WHAT NEEDS TO BE DONE ::
Every line of the listing must be reproduced as it stands. Leave the images behind.

DATA SHOWN ::
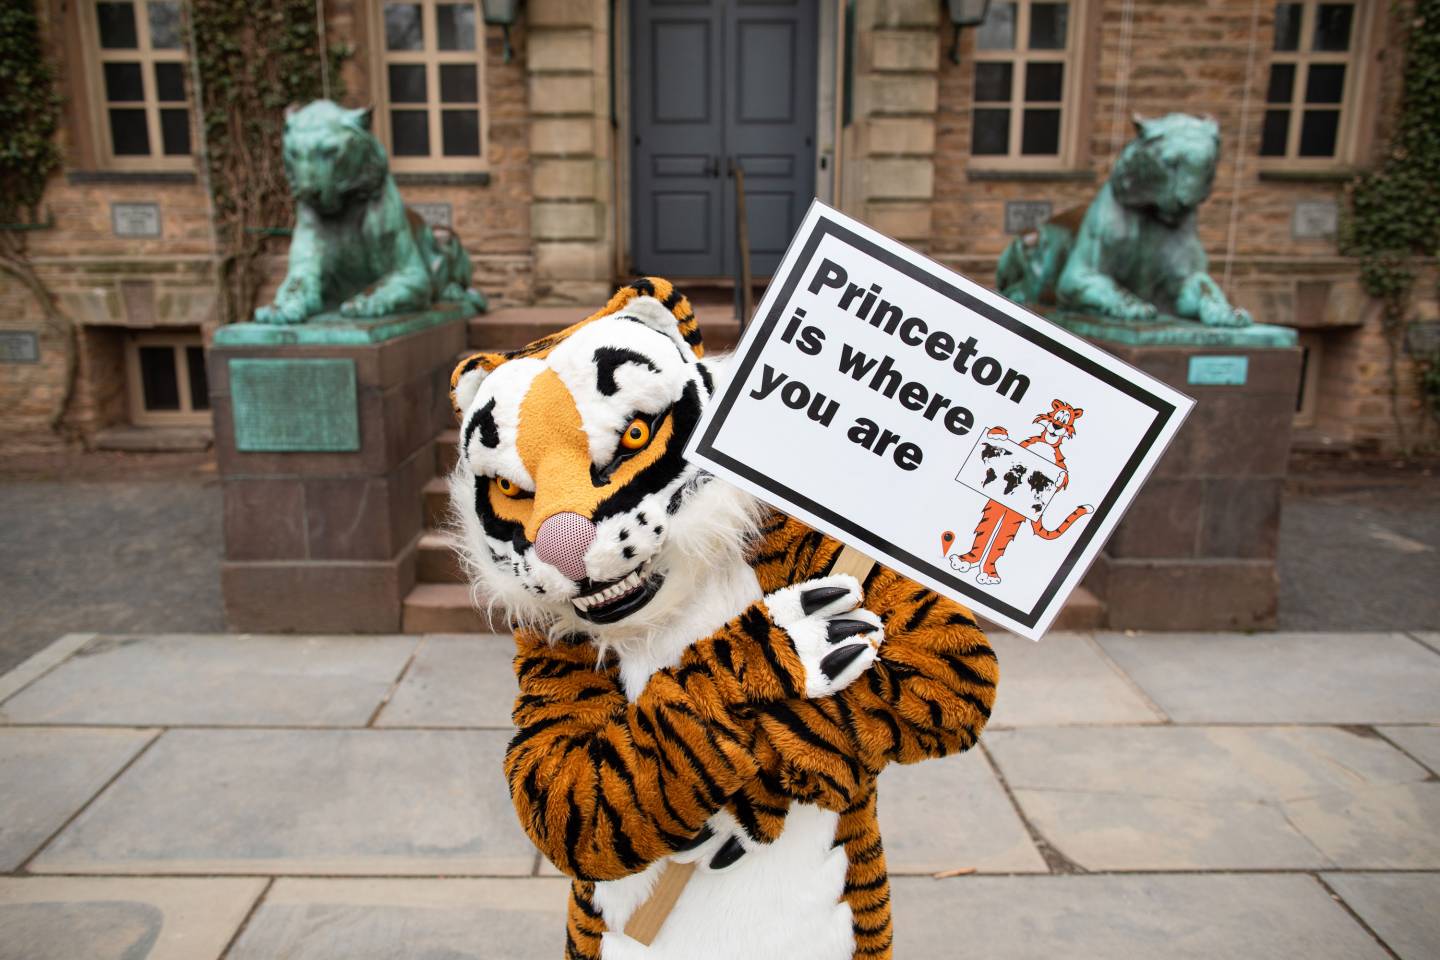 Reunions Online: Princeton is where you are
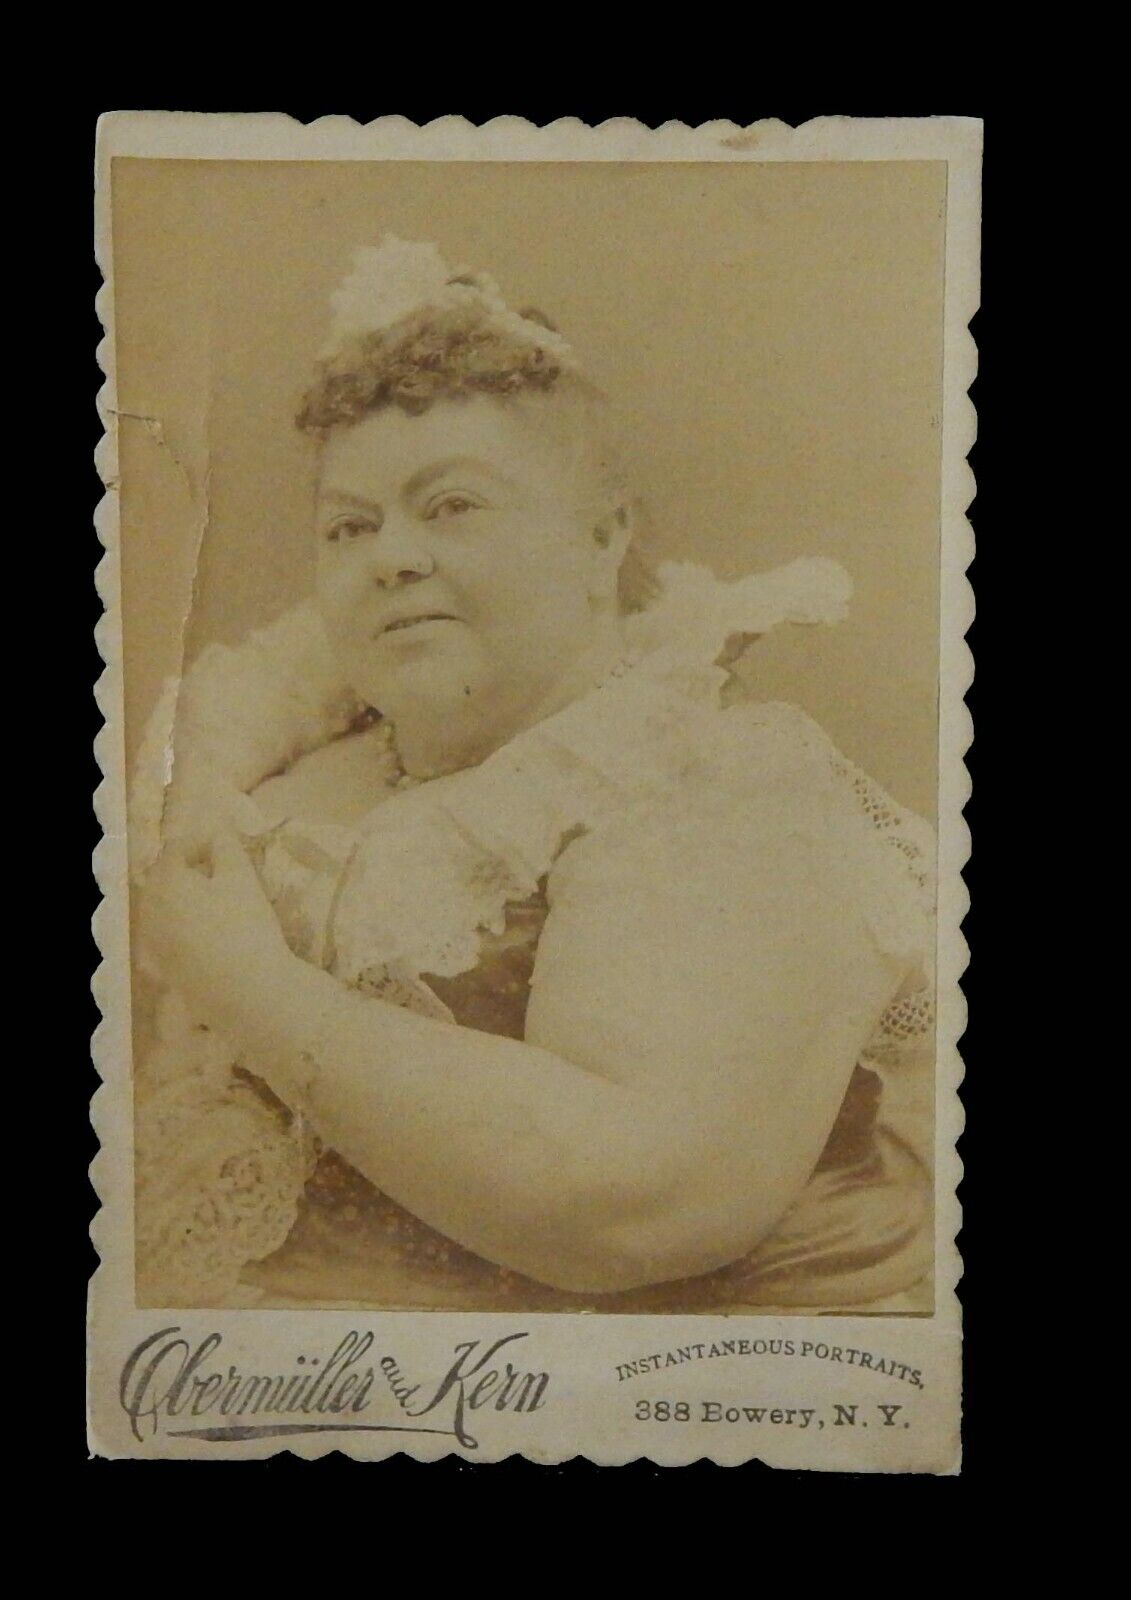 CABINET CARD PHOTO FAT LADY CIRCUS PERFORMER by OBERMULLER & KERN NEW YORK
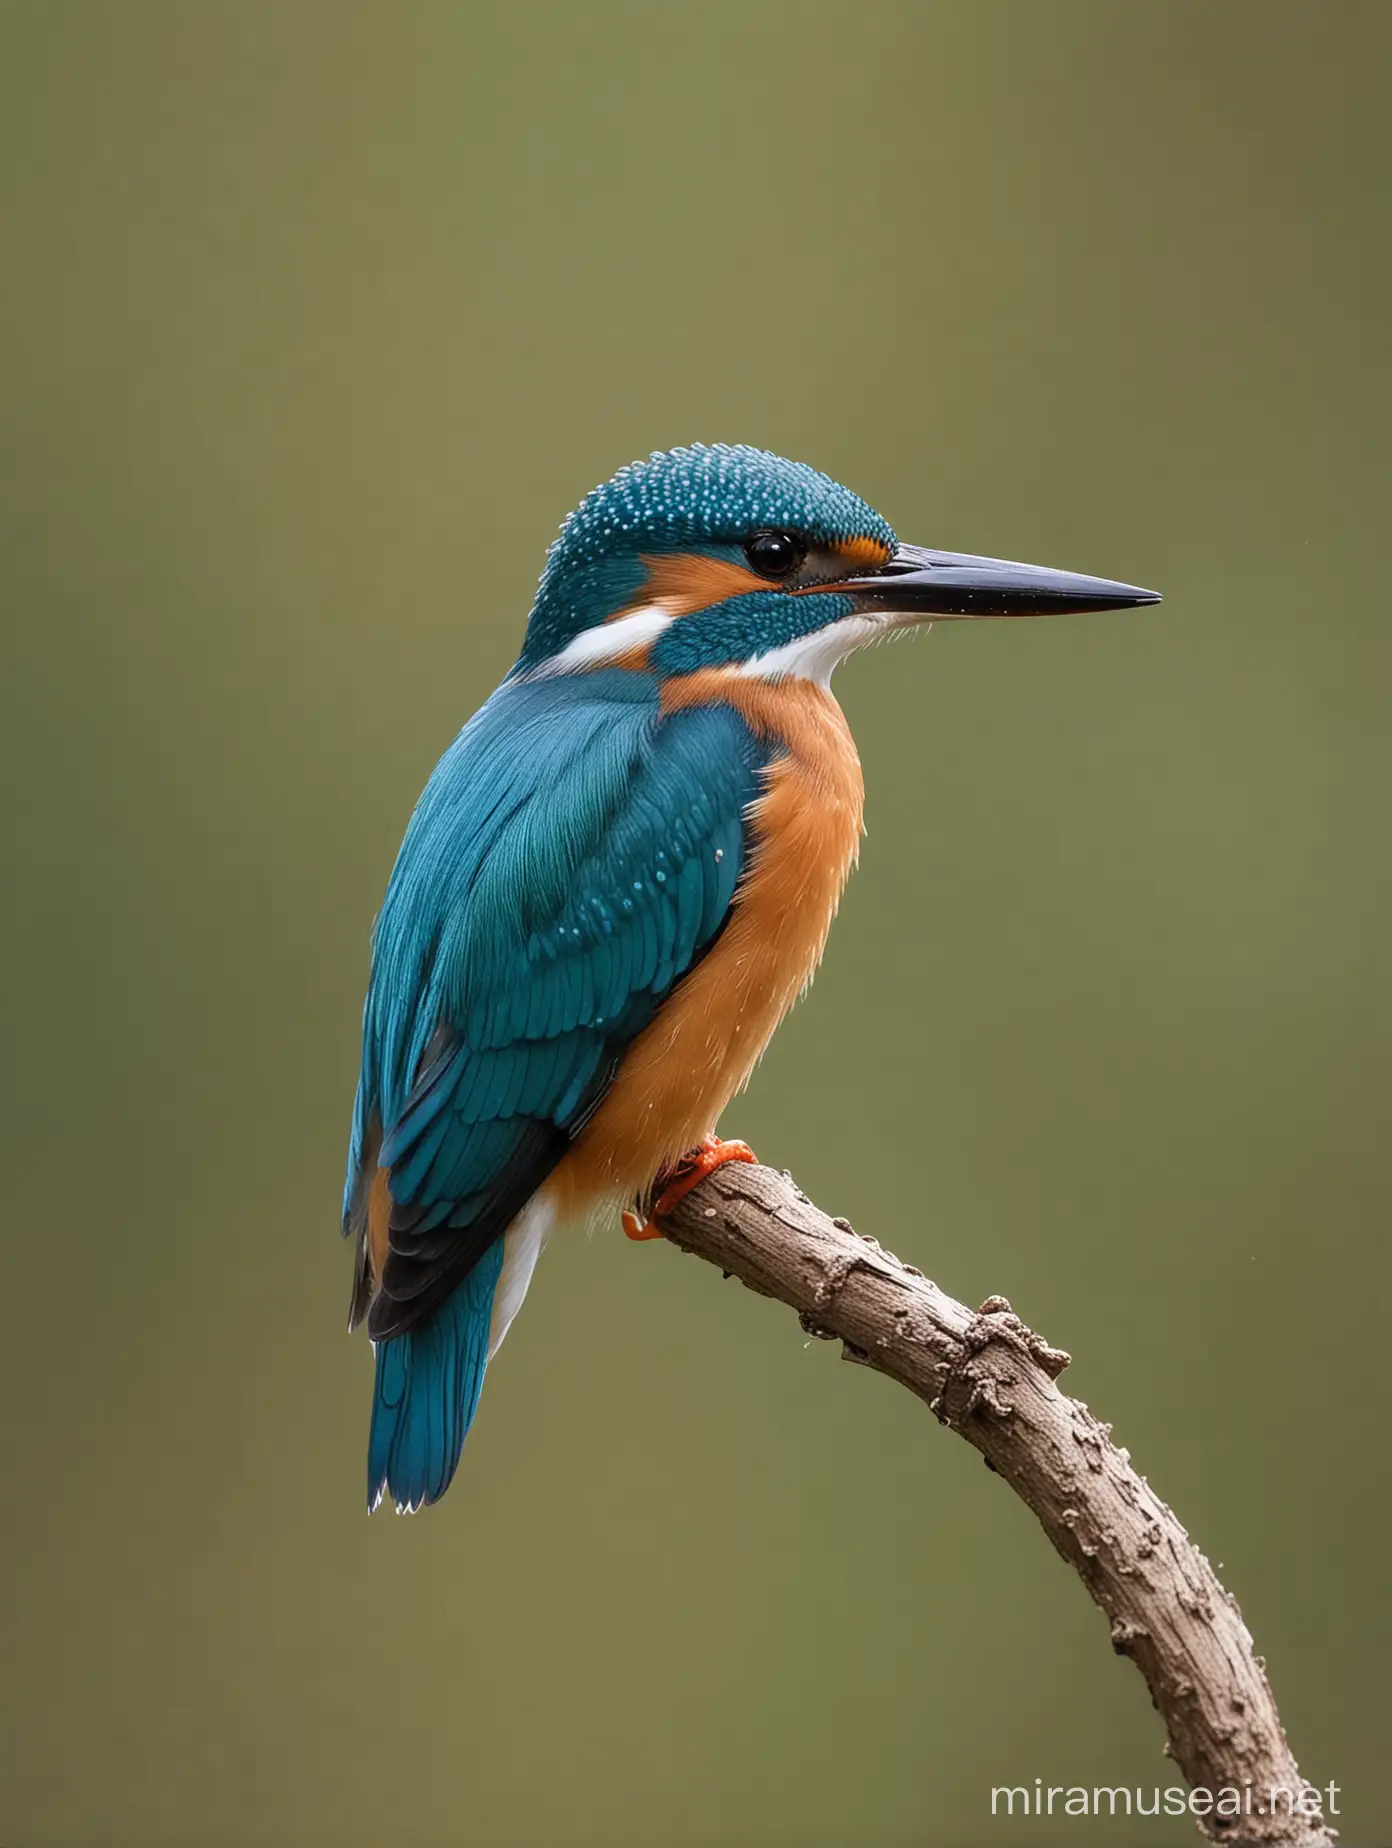 Vibrant Eleonoras Kingfisher Bird Perched on a Branch

RESPONSE AREA ::
 Reunions Online: Princeton is where you are
 CABINET CARD PHOTO FAT LADY CIRCUS PERFORMER by OBERMULLER & KERN NEW YORK
 Vibrant Eleonoras Kingfisher Bird Perched on a Branch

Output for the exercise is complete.